Bandit Level 12 -> Level 13

Platform: OverTheWire
Wargame: Bandit
Date: 2025-12-13 13:23

Overview

Bandit Level 12: The password for Level 13 is stored in a file named data.txt that is a hexdump that has been repeatedly compressed.

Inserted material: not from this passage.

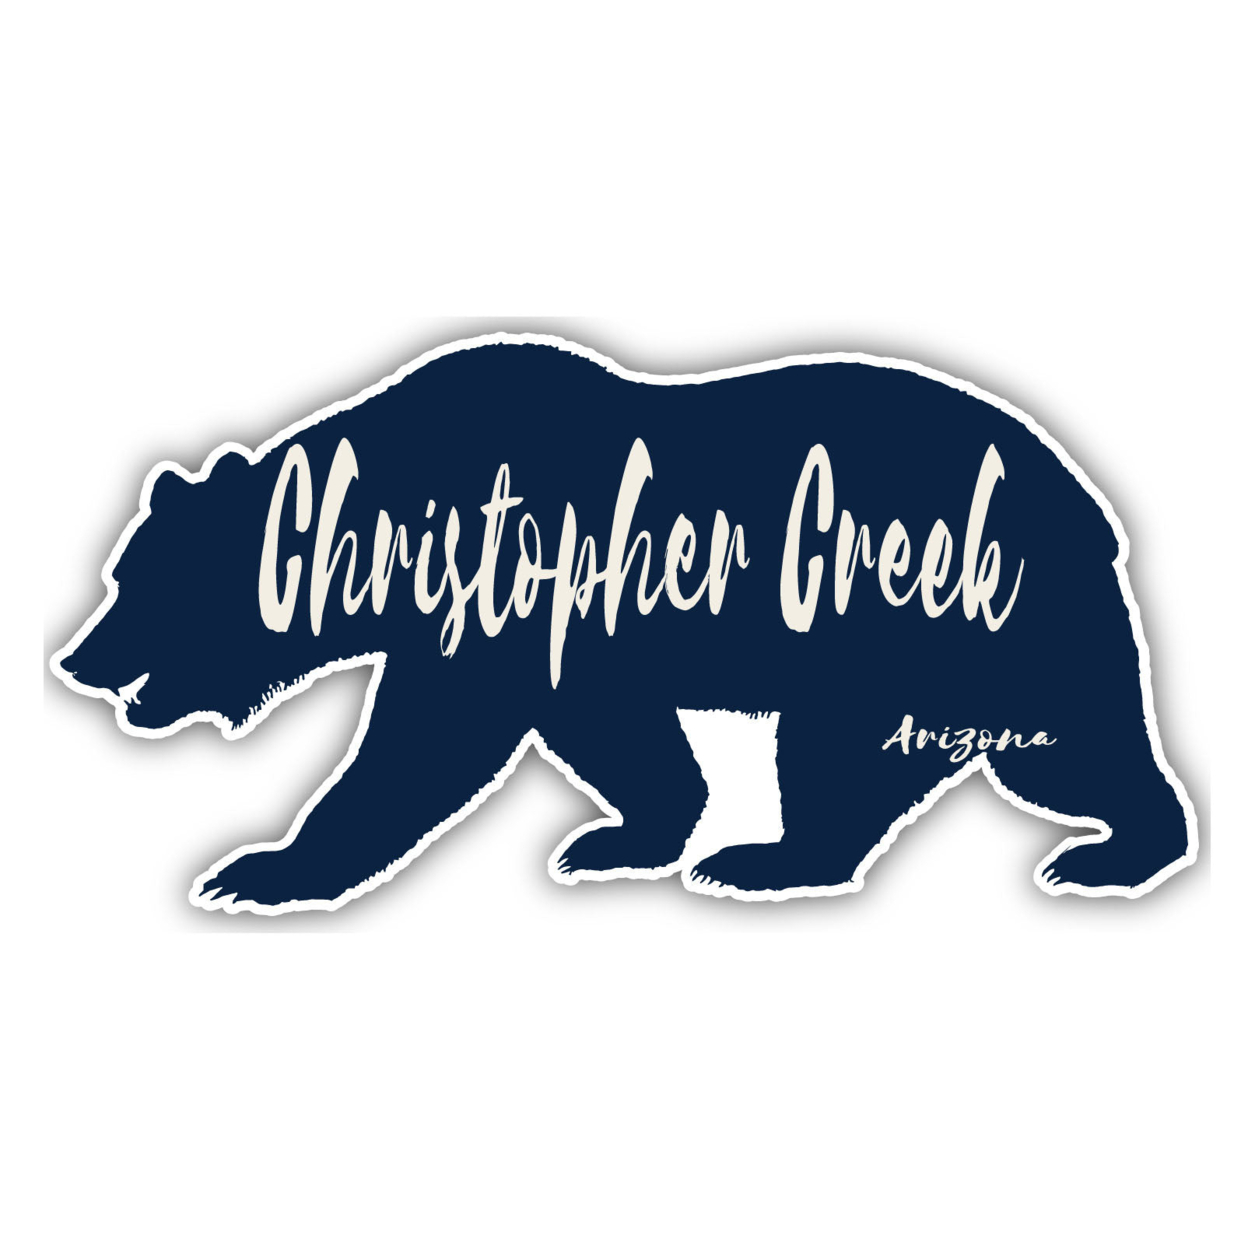 Christopher Creek Arizona Souvenir Decorative Stickers (Choose Theme And Size) - 4-Pack, 4-Inch, Tent

One will need to decompress the file data.txt using multiple methods.

Connection:

Host: bandit.labs.overthewire.org
Port: 2220
User: bandit12
Password: (use the password from Level 11's data.txt file)

Steps

1. SSH into the server as bandit12

local

$

ssh bandit12@bandit.labs.overthewire.org -p 2220

(enter the password you found in Level 11 when prompted)

2. Decompress the file

bandit12@bandit

bandit12@bandit:~$

cd $(mktemp -d)

bandit12@bandit:/tmp/tmp.oFAA0IaH0q$

cp ~/data.txt .

bandit12@bandit:/tmp/tmp.oFAA0IaH0q$

file data.txt

data.txt: ASCII text

bandit12@bandit:/tmp/tmp.oFAA0IaH0q$

xxd -r data.txt > data.gz

bandit12@bandit:/tmp/tmp.oFAA0IaH0q$

file data.gz

data.gz: gzip compressed data, was "data2.bin", last modified: Tue Oct 14 09:26:06 2025, max compression, from Unix, original size modulo 2^32 564

bandit12@bandit:/tmp/tmp.oFAA0IaH0q$

gunzip data.gz

bandit12@bandit:/tmp/tmp.oFAA0IaH0q$

file data

data: bzip2 compressed data, block size = 900k

bandit12@bandit:/tmp/tmp.oFAA0IaH0q$

bunzip2 data

bunzip2: Can't guess original name for data -- using data.out

bandit12@bandit:/tmp/tmp.oFAA0IaH0q$

file data.out

data.out: gzip compressed data, was "data4.bin", last modified: Tue Oct 14 09:26:06 2025, max compression, from Unix, original size modulo 2^32 20480

bandit12@bandit:/tmp/tmp.oFAA0IaH0q$

mv data.out data.gz

bandit12@bandit:/tmp/tmp.oFAA0IaH0q$

gunzip data.gz

bandit12@bandit:/tmp/tmp.oFAA0IaH0q$

file data

data: POSIX tar archive (GNU)

bandit12@bandit:/tmp/tmp.oFAA0IaH0q$

tar -xvf data

data5.bin

bandit12@bandit:/tmp/tmp.oFAA0IaH0q$

file data5.bin

data: POSIX tar archive (GNU)

bandit12@bandit:/tmp/tmp.oFAA0IaH0q$

tar -xvf data5.bin

data6.bin

bandit12@bandit:/tmp/tmp.oFAA0IaH0q$

file data6.bin

data6.bin: bzip2 compressed data, block size = 900k

bandit12@bandit:/tmp/tmp.oFAA0IaH0q$

bunzip2 data6.bin

bunzip2: Can't guess original name for data6.bin -- using data6.bin.out

bandit12@bandit:/tmp/tmp.oFAA0IaH0q$

file data6.bin.out

data6.bin.out: POSIX tar archive (GNU)

bandit12@bandit:/tmp/tmp.oFAA0IaH0q$

tar -xvf data6.bin.out

data8.bin

bandit12@bandit:/tmp/tmp.oFAA0IaH0q$

file data8.bin

data8.bin: gzip compressed data, was "data9.bin", last modified: Tue Oct 14 09:26:06 2025, max compression, from Unix, original size modulo 2^32 49

bandit12@bandit:/tmp/tmp.oFAA0IaH0q$

mv data8.bin data8.gz

bandit12@bandit:/tmp/tmp.oFAA0IaH0q$

gunzip data8.gz

bandit12@bandit:/tmp/tmp.oFAA0IaH0q$

file data8

data8: ASCII text

bandit12@bandit:/tmp/tmp.oFAA0IaH0q$

cat data8

The password is (password for bandit13)

Summary

The password is stored in a compressed file named data.txt in the home directory of bandit12.
Use cd $(mktemp -d) command to create a temp directory and change into that newly created directory.
Use cp to copy file(s).
Use file to ID the file type.
Use multiple decompress commands: xxd -r, gunzip, bunzip2, and tar -xvf.
Use cat to send text file(s) to stdout.